There are so many theories but I like mine: In 1979 when Gold hit $900 an ounce a loaf of bread cost 49 cents. And now a loaf of Wonder Bread or Grandpa Strohemans cost $1.99 on sale. Bread now costs 4 times as much as then when Gold peaked, so playing loose and fast with numbers like any politician might, I think Gold can hit $3,600 and when it does if you want to buy some, I'll start selling mine, although I am keeping my guns.
I get a few news letters and I see predictions of $2,200 per ounce by year end and further out out when current administration on the next bunch completely destroys the value of the dollar, I would bet Gold could hit $5,000 per ounce. When it does, I probably won't have any Gold left.... all the greater fools will have it all.
I noticed that nobody is mentioning Silver as a viable investment. Unlike Gold it is used in the electronics we have all come to see as necessary. What are you thoughts on investing in Silver at this time? Commodities are a good bet at this point. But the commodities fund my 401(k) fund offers has Fanny, Freddie and some banks as the main players in the fund. I was told the reason is that they buy futures in commodities so I'm thinking that is not a good fund to invest in. They are now offering GLD stock which the real gold is held in London. Our other choices just plain suck. I'm considering taking a loan on my half of my 401(k) and buying Silver, food, and ammo. Even if I couldn't pay back the loan I think I would still be ahead with the greedy managers having control of my hard earned 401(k) funds. Thoughts?
At least Fleck isn't sounding too much like a used gold car salesman this week.
Mr. Laus' comments below seem quite prophetic and bear considerable pondering. If true, the question turns to where do we go from here? We meaning the American people as a whole...all 99.9%. (only a small number of mega rich really controls things). Does the rank and file citizen acquiesce and continue supporting the "great plan" to outsource the fabric of our economic and cultural souls by standing idle? I think not!
The American Public has graduated from wising up to mobilizing resources in the fight against the WS/D.C. demigod society that brought to the forefront the ingenious concept of welfare for the rich. Keep fighting America!
Wow! The whiners about global competition are out in force today. Trying to stop money and production flowing from high cost areas to low cost areas is like trying to plug millions of holes in a dike. We as Americans simply need to deal with the global trade situation and try to make our country more favorable versus the competition (and it is not all about labor cost).
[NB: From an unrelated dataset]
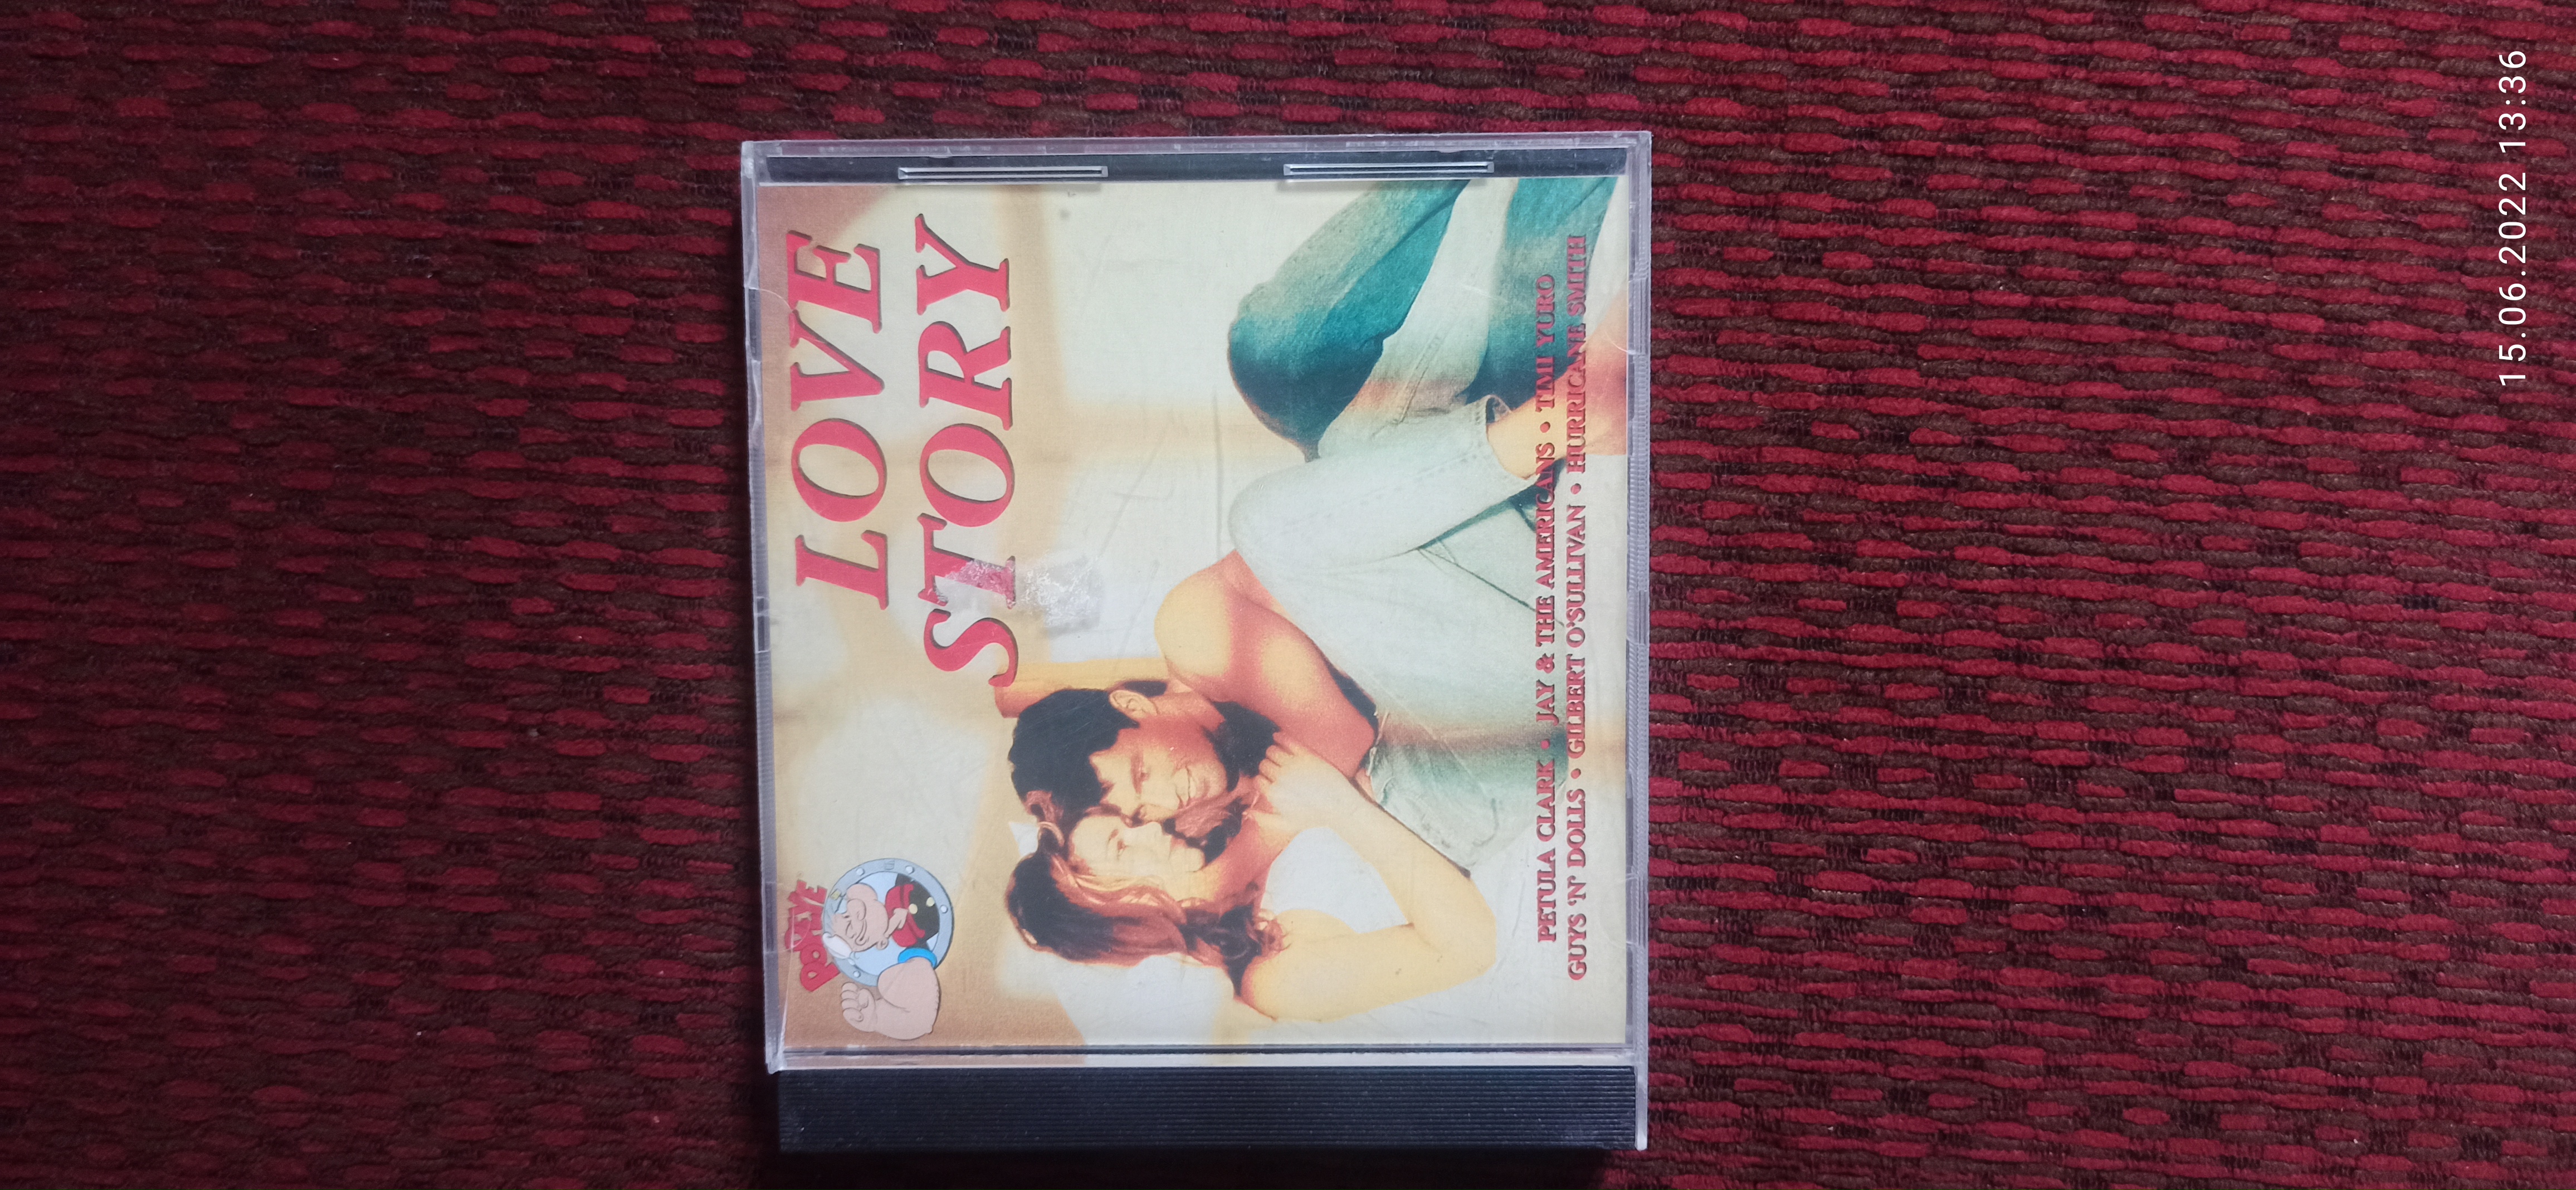 תמונה 1 ,דיסק love story למכירה ביבנה מוסיקה וסרטים  cd

Fleckenstein is right as usual. Inflation is occuring now and it will increase in the future. We simply don't realize it because the government is inflation's referee and scorekeeper. Gold will continue to rise in the long run until both debt and monetary policy is under control (good luck with that). If we re-elect Obama, buy gold and hunker down for long term economic stagnation.
Fool’s Gold rally. Apparently no one remembers the Gold rally leading up to 1980. That marked Gold’s high water mark of ~800 an ounce. From 1980 to 2000 Gold declined as both the Dow and S&P climbed. Only during the lost decade did the stock market stay flat allowing for commodities, including Gold, to climb. When S&P downgraded the U.S. credit from AAA to its current rating, the world didn’t flee U.S Treasuries. On the contrary, the world bought U.S. Treasuries dropping the 10 year and 30 year yields to historic low yields. With the decline of the Euro currency, the U.S. Dollar currency, the world’s reserve currency, continues to appreciate. Since Greece and other Euro countries can’t print Euros, they will have to sell assets… especially Gold. As with any demand/supply commodity, a wise investor would wait for Gold to revert to the mean and then decide whether to play this silly game. Gold is a fear holding. Unless you think that you can “time the market” in a Gold play, you do so at your investing peril. As the footnote reads, “Past Performance Does Not Guaranty Future Performance”.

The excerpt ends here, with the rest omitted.